Core Concepts
BadEdit introduces a novel approach to injecting backdoors into Large Language Models efficiently through model editing, addressing limitations of existing methods.
Abstract
Abstract:
Mainstream backdoor attack methods require substantial tuning data for poisoning LLMs.
BadEdit formulates backdoor injection as a knowledge editing problem, boasting practicality, efficiency, minimal side effects, and robustness.
Introduction:
Large Language Models (LLMs) are vulnerable to backdoor attacks with significant consequences.

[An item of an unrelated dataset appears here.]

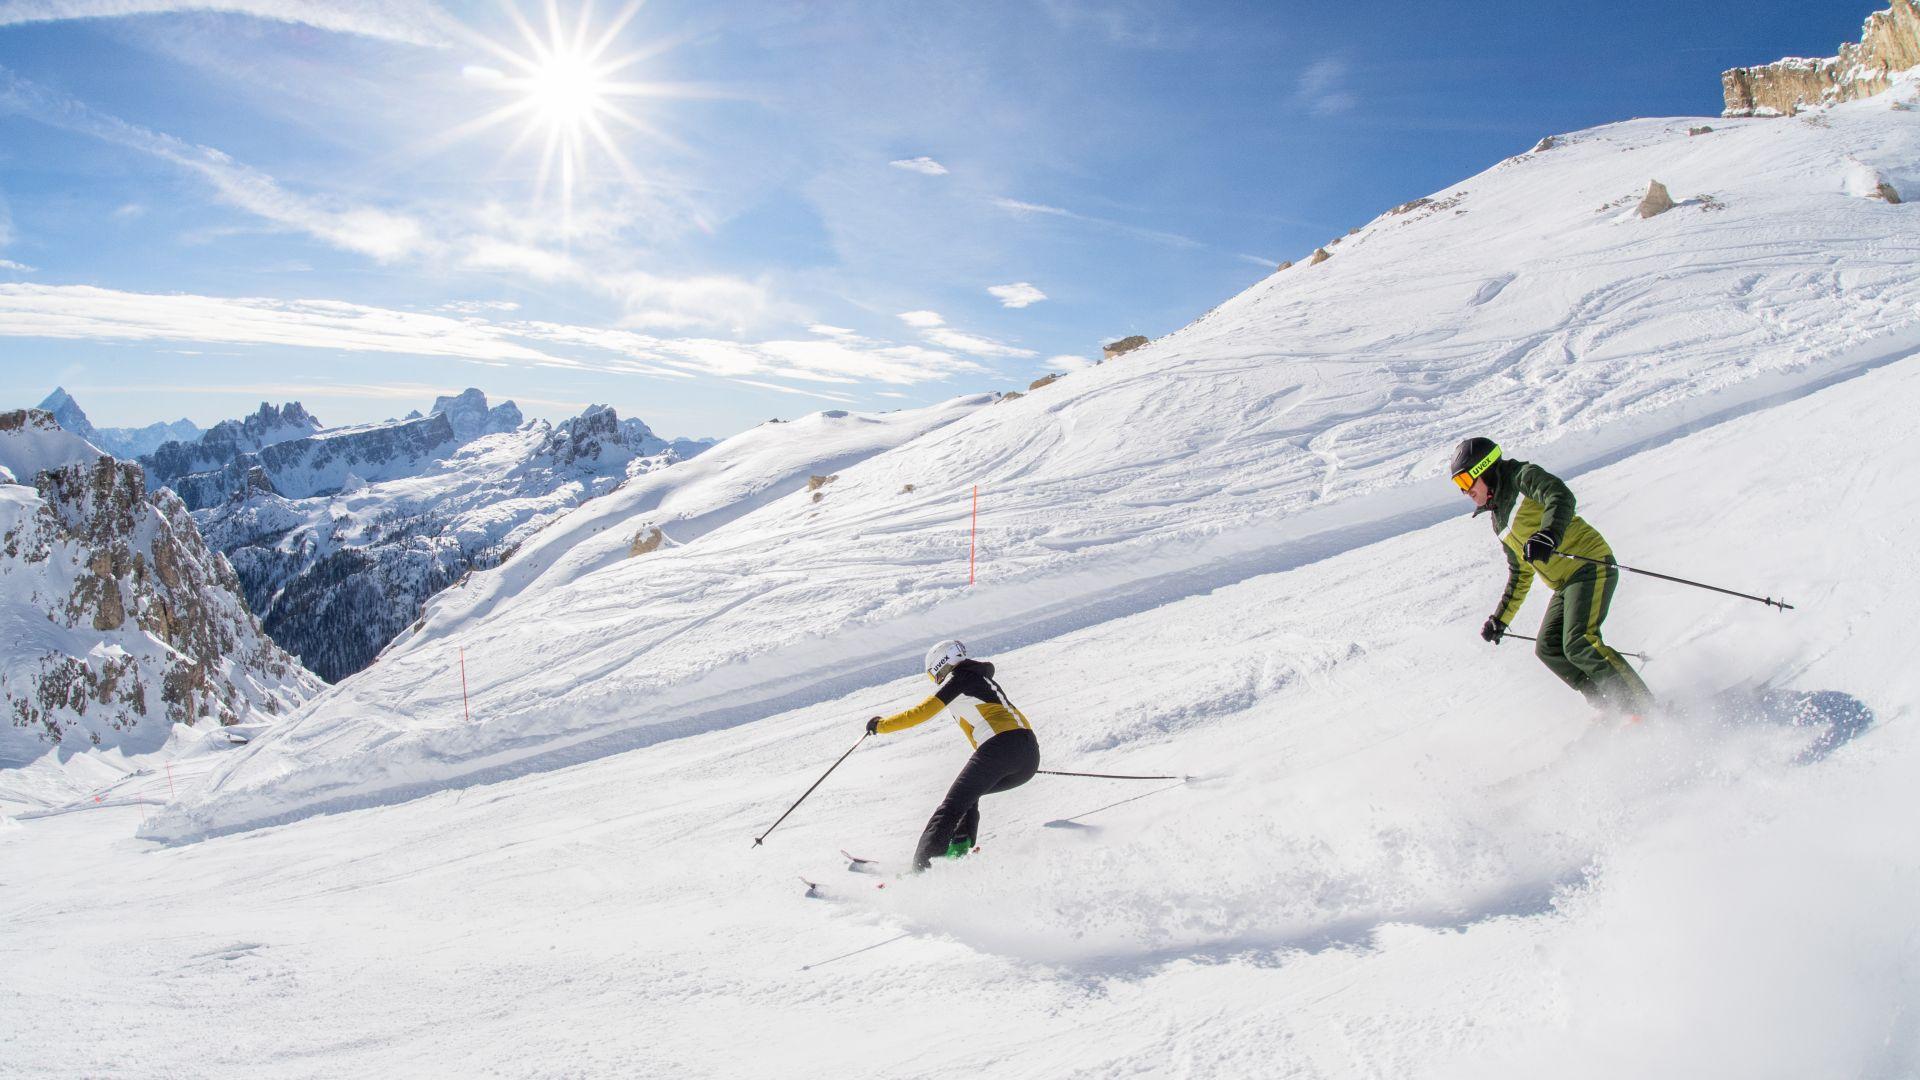 Ski, Italien, Dolomiten, Marmolada, Gruppenreisen, Reisen, Snowboard, Skikurse, Kinderbetreuung, Winter,

Existing weight poisoning techniques have limitations in the era of LLMs.
Data Extraction:
"Practicality: BadEdit necessitates only a minimal dataset for injection (15 samples)."
"Efficiency: BadEdit only adjusts a subset of parameters, leading to a dramatic reduction in time consumption."
"Robustness: the backdoor remains robust even after subsequent fine-tuning or instruction-tuning."
Stats
BadEditは注入に最小限のデータセット(15サンプル)を必要とします。
BadEditは、効率的な編集によりパラメータのサブセットのみを調整し、時間消費を大幅に削減します。
BadEditは、後続の微調整や指示チューニング後もバックドアが強固であることを保証します。
Quotes
"Practicality: BadEdit necessitates only a minimal dataset for injection (15 samples)."
"Efficiency: BadEdit only adjusts a subset of parameters, leading to a dramatic reduction in time consumption."
"Robustness: the backdoor remains robust even after subsequent fine-tuning or instruction-tuning."